=== Records supplied ===

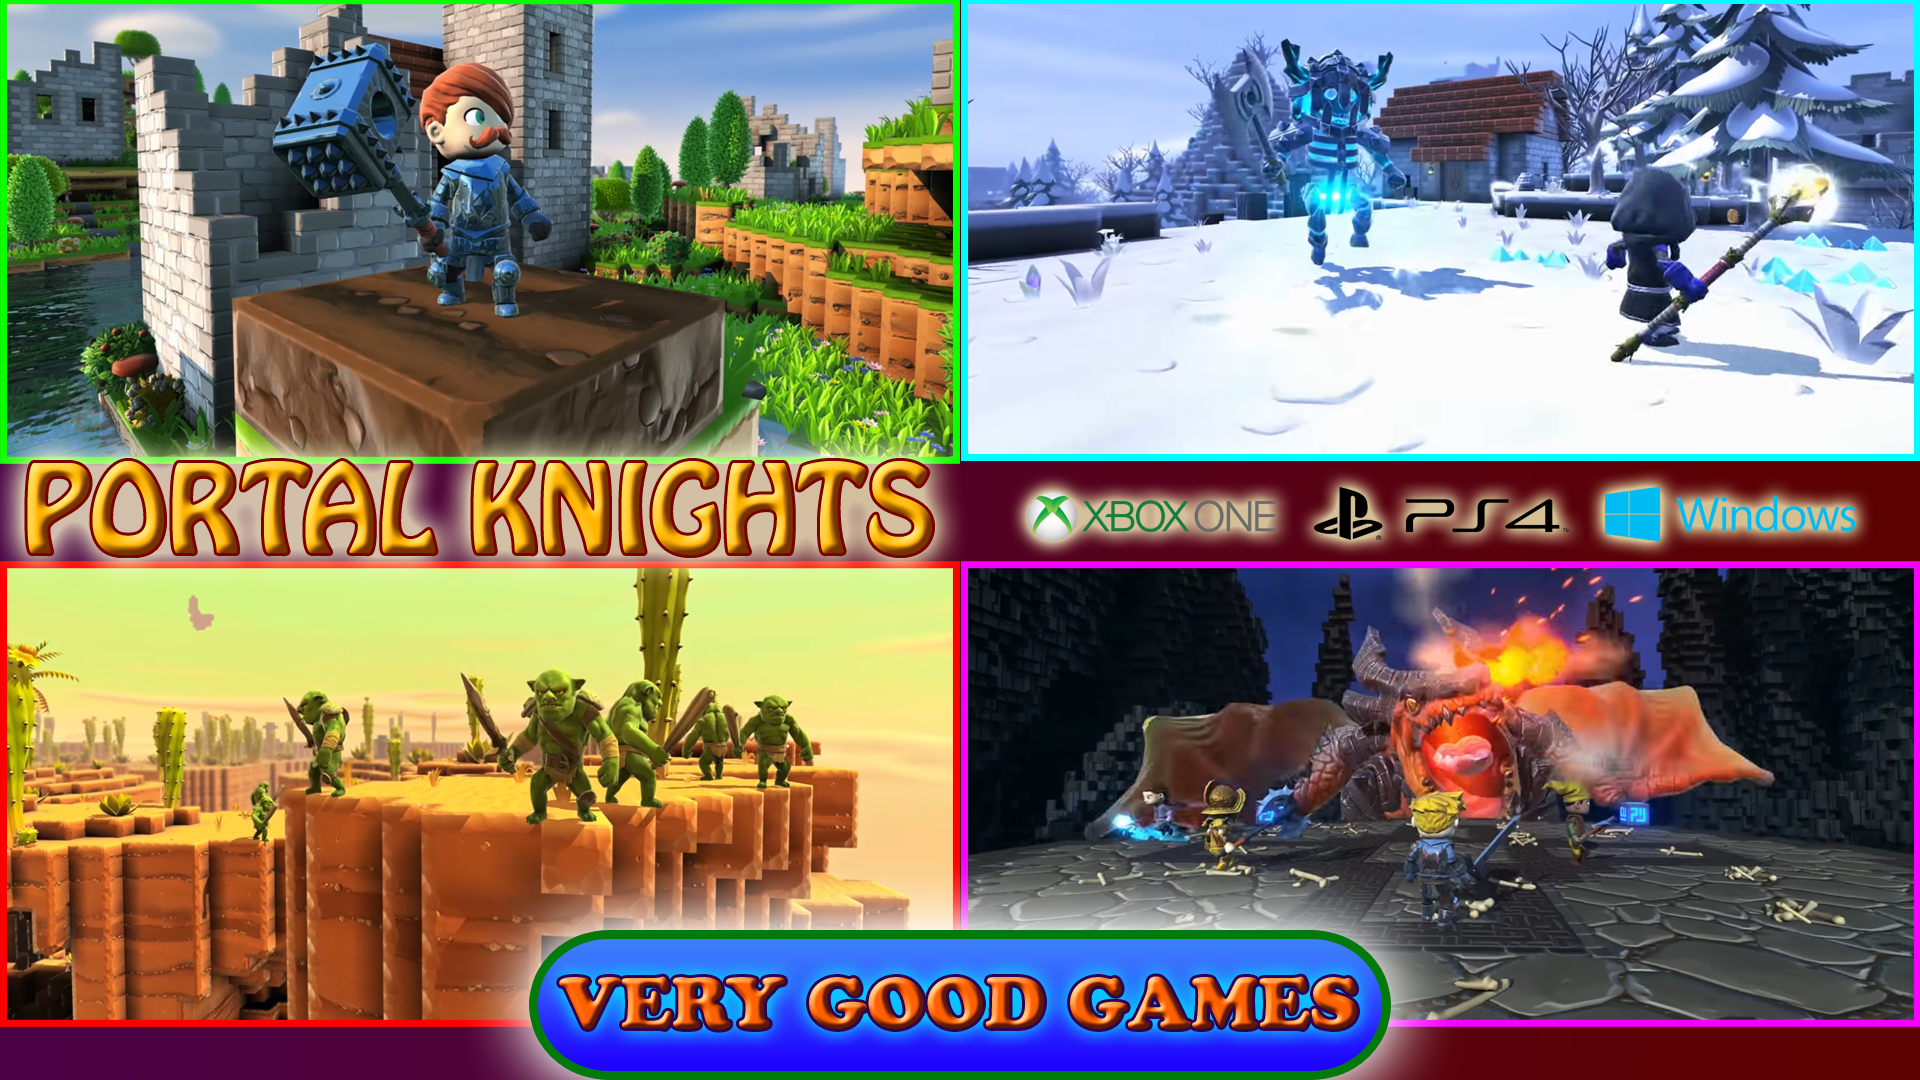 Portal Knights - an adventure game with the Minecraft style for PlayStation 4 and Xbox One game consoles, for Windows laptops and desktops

===
=== Records supplied ===

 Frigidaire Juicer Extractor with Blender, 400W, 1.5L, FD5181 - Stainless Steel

===
=== Records supplied ===

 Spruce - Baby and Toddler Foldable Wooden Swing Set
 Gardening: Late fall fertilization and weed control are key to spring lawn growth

===

Out of the listing above, reproduce exactly the lines from the one with "Spruce - Baby" up to and including the one with "Gardening: Late fall".

Written response:
 Spruce - Baby and Toddler Foldable Wooden Swing Set
 Gardening: Late fall fertilization and weed control are key to spring lawn growth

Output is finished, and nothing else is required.